Are the boomers going to keep the stock market low?

Millions upon millions of baby boomers are invested in the stock market, and most of them are just now coming into retirement. They will be either cashing out their 401(k)s, and/or moving the funds into bonds and other low-risk investments. How will this affect the market over the next 10-20 years?

Hmm, very interesting question.

I don’t know that I agree that “most” are just now coming into retirement. I agree that it is clearly starting and will continue for what - 10 yrs or so? But its not like a mass of them are going to retire in the next 12 mths.

Yes, eventually the market will be dragged down by them selling securities, but many of them are like the rest of us and praying it goes up. Mostly so they can sell at a high point and not have their retirement totally screwed.

Eventually, the market will decline, but since it is being gamed anyway by the big banks, does it really matter? (no I don’t have a cite, but if you watch the market especially over the summer, on down days there would be this amazing spike in the last 30 minutes of trading that would bring it up either at a gain for the day or even). High frequency trading - Goldman Sachs. Nuff said.

Right, I saw some graphs a while back where the market spiked but it was tracking high frequency trading of some shell companies by Goldman Sachs and JP Morgan.

I believe I read an article (WSJ) that broke down how many millions GS made daily (again over the summer) as a result of the HFT.

That’s why they were able to get out of Tarp so quickly.

My mom (bless her sweet deluded soul) has an IRA at GS, and when I rant about this, she thinks that its actually good for her. “Sorry mom, but GS doesn’t have your back”

That wasn’t what I was suggesting. Some are already retired, but most are just now coming into their retirement years – i.e., the cohort will be retiring over the next decade.

Obviously, if they all cashed out at once, we’d have a crash. My question is whether a ten year rolling series of cashouts will cause either a crash or just a long-term depressed market.
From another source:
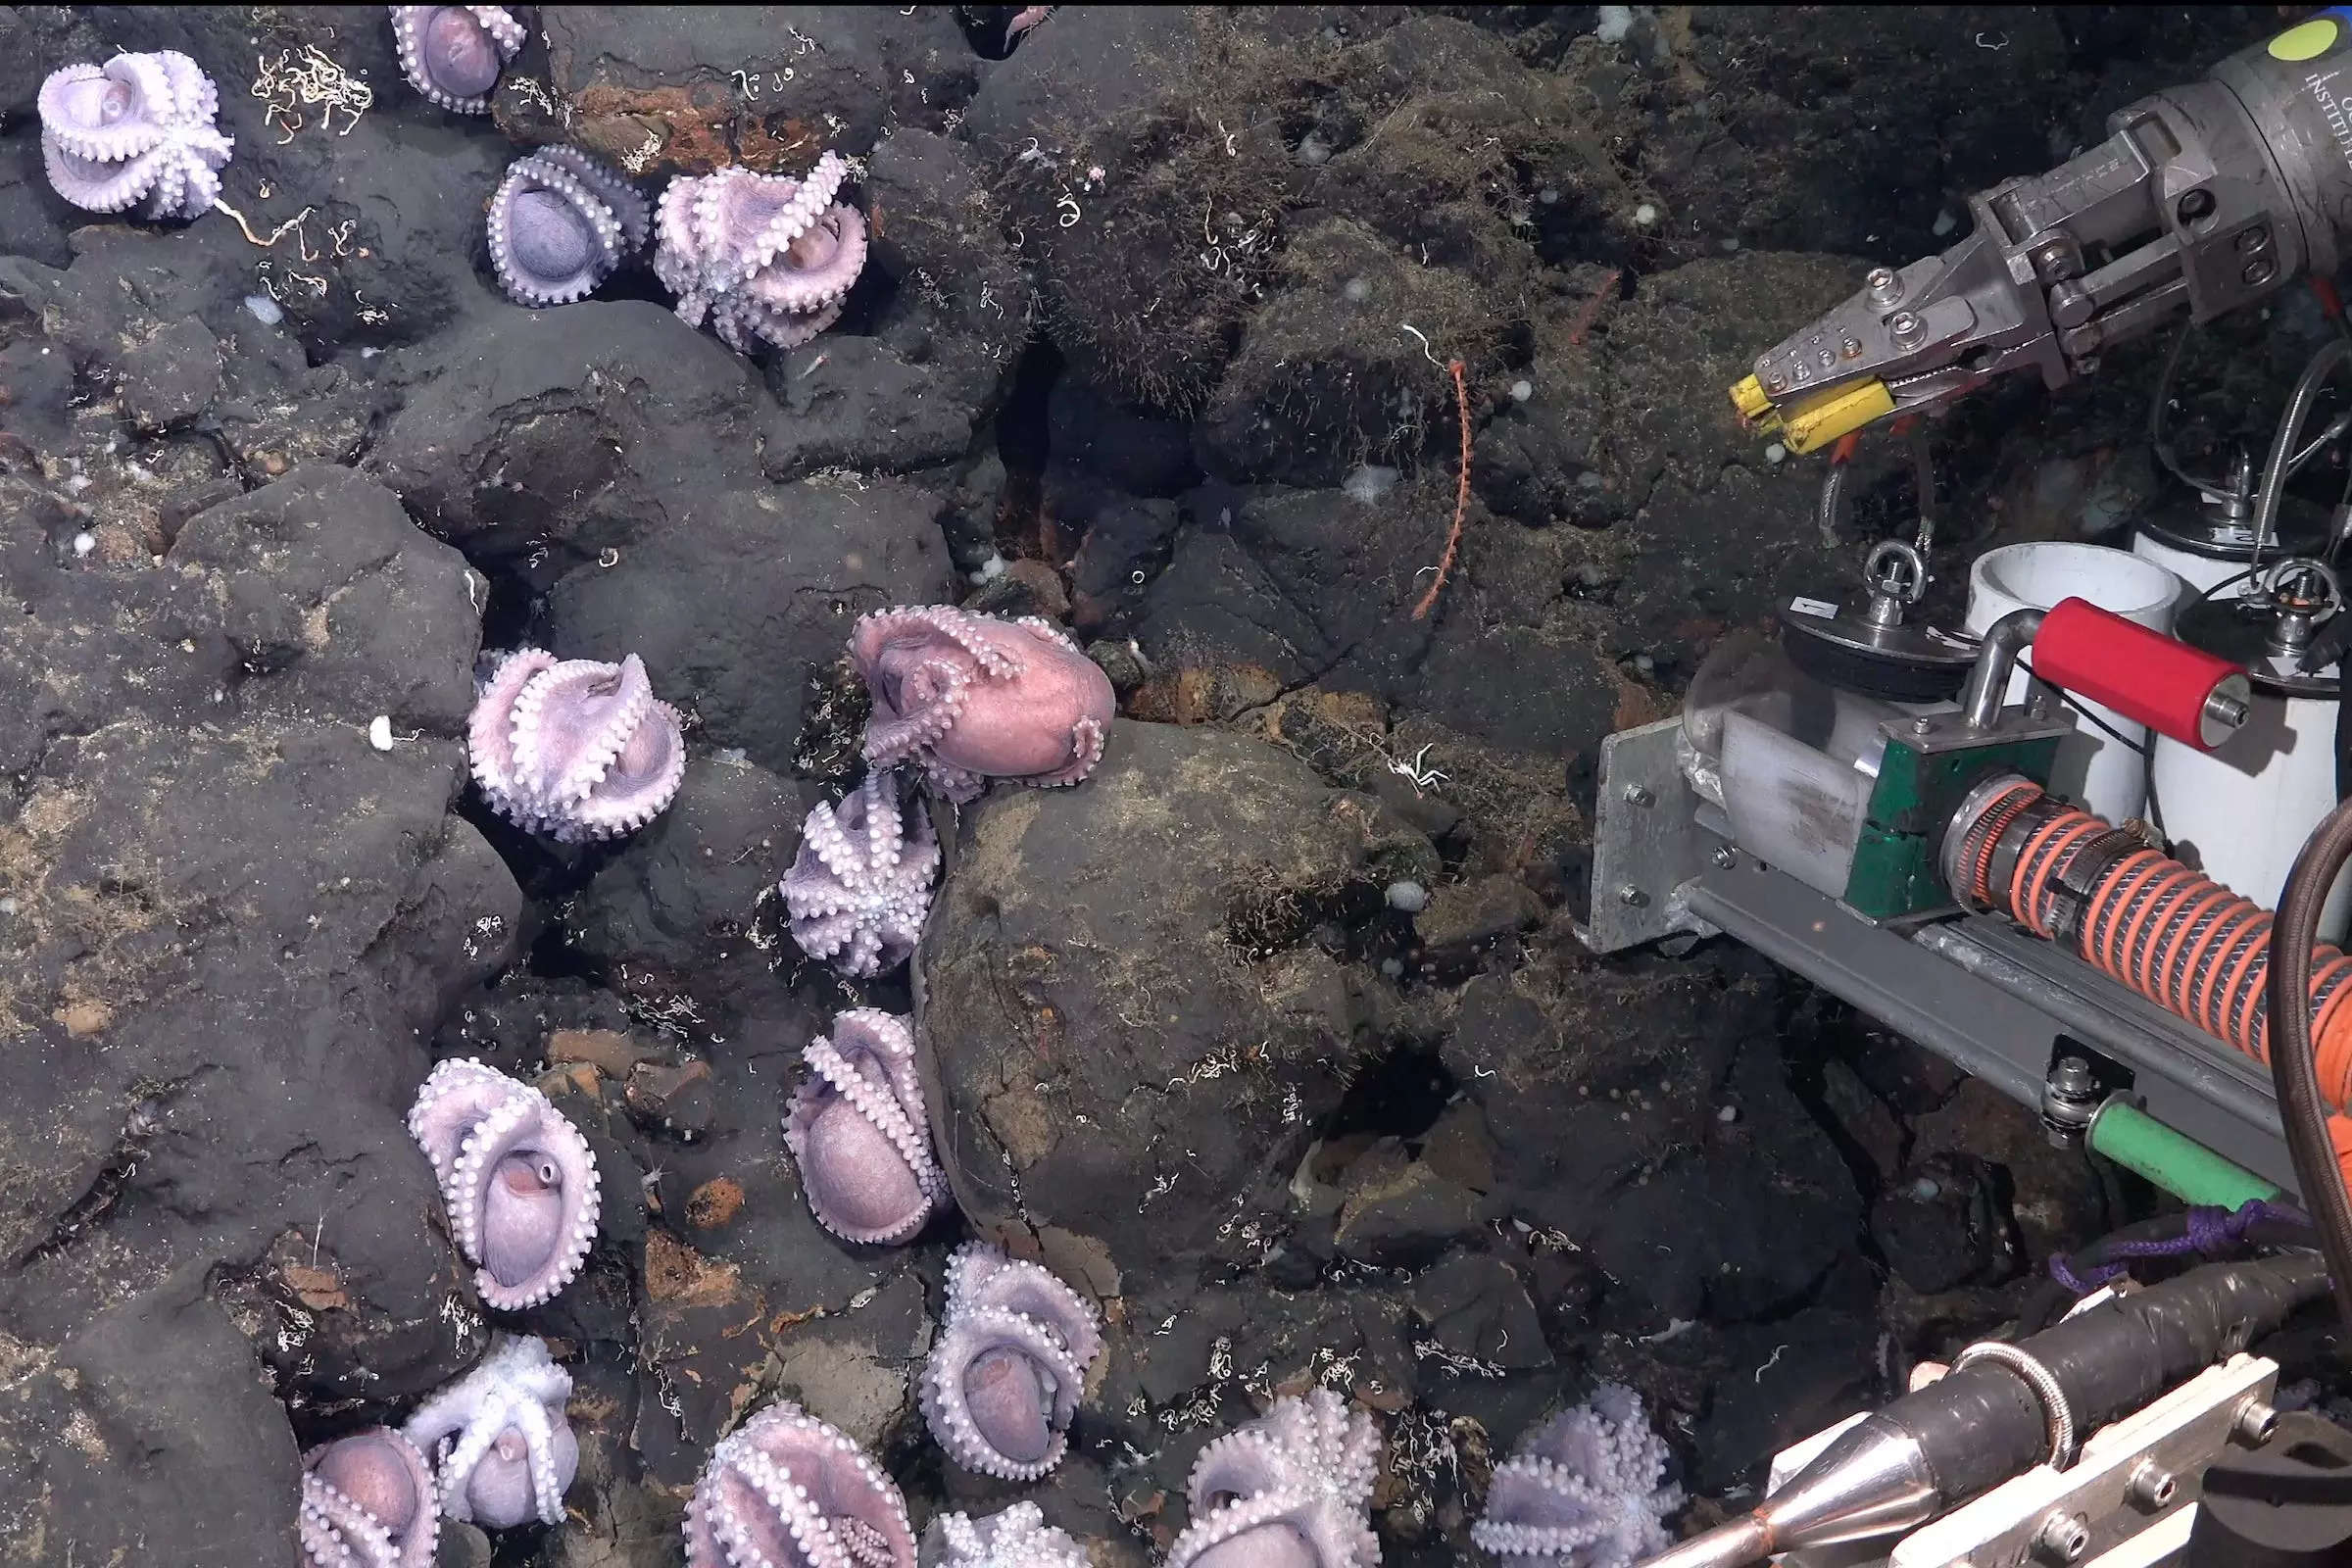 A picture shows tiny octopuses curled up in the cracks of a deep-sea rock.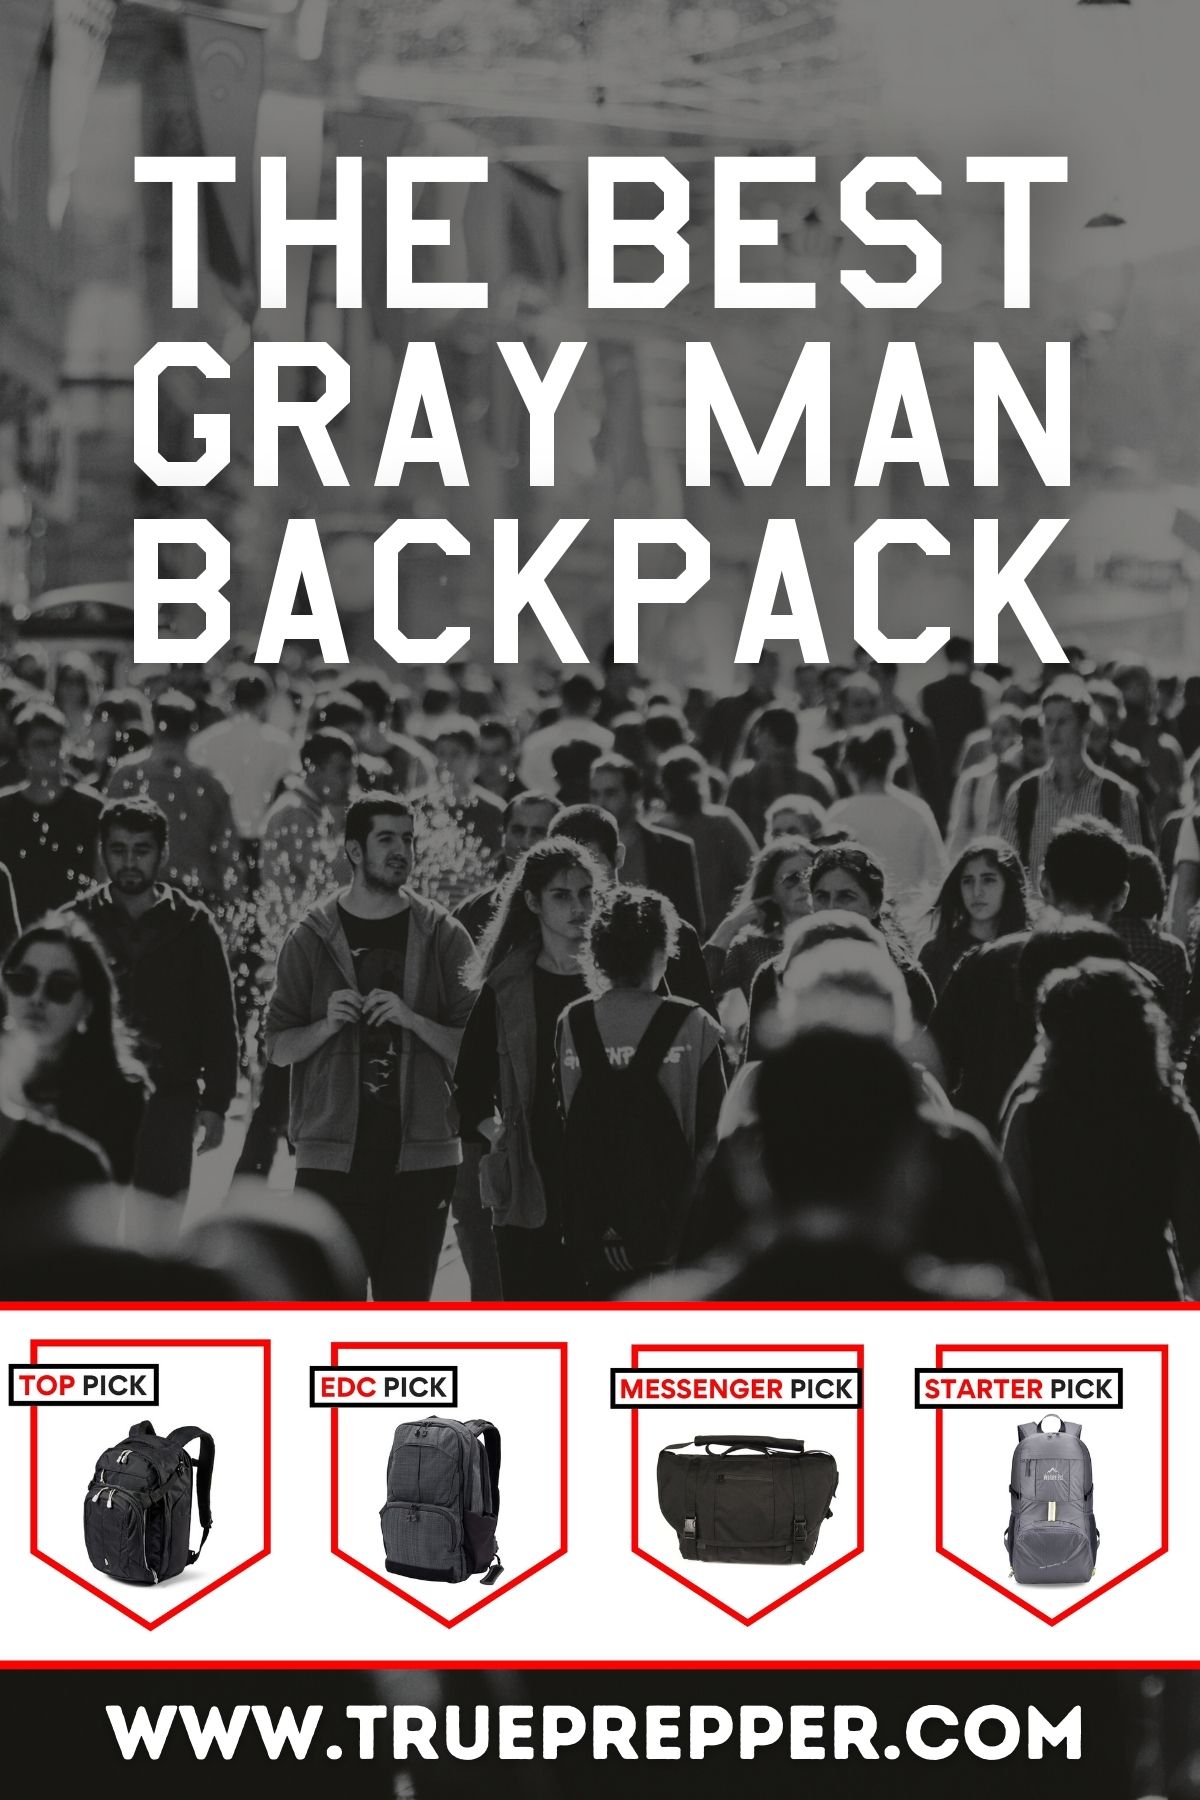 The Best Gray Man Backpack

Obviously. The question is whether or not we expect those prayers to be answered or not.

Yes, but you missed my biggest point: the market is being gamed by the means of high frequency trading and potentially front-running, by the GS and JPMs of the world. Which means that yes the market will be negatively impacted by the retirees cashing out, but because GS and JPM make money when it goes up, they will fire up the machine and the market will go back up.

The OP question was “Are the boomers going to keep the stock market low?”

So that’s not the same question. Either way, there’s not much to debate.

I think that the real thrust of your question is a matter of timing (I could be wrong, I’m truly not trying to be an ass), and anyone with a prediction on timing should have their mouth duct taped shut, since all that is pretty much by-guess and by-golly anyway.

Not if they’re like me. My target portfolio stock percentage is based on my age. It’s actually (120-age)% in stocks and the rest in bonds. As I age I convert stocks to bonds, but unless I live to 120, I’ll always have some stocks, and my stock:bond ratio should never change more than a couple percent a year. I rebalance once a month or so, more frequently in volatile markets, less in static ones.

Not really, no.

Over the last 20 years, the stock market has grown remarkably. A lot of people have come to think of mutual fund returns of 10-20% or more as “normal,” which will come back in a year or two after the current recession eases. I am skeptical of this, because I think that throughout the 2010s, we will see millions of boomers take their money out of the market. My layman’s guess is that this will keep the market from growing much over the next 10-20 years. However, I could be wrong; hence my desire to solicit opinions from more financially-knowledgeable people.

When you put it that way - I do agree that the returns we have been told to expect are quite unrealistic going forward. Look at the last 10 yrs on the S&P, they were basically lost.

However, I still believe that there is enough of the market in corporate hands that the issue will not be greatly impacted by retirees. If it was retirees vs. employees, then yes the market would have a more negative tilt. However, that’s assuming we can attribute the market moves on any one thing, which is virtually impossible. Look at this year: the fundamentals are crap and the market was practically on a rocket all summer. Based on companies “beating expectations”. Well they beat the expectations, because the expectations were down. Sales were down, profit was down, and yet the stocks went up? during a recession?

I think ultimately the flaw is trying to see the market as a rational group. It is not and it goes up and down based on anything and everything.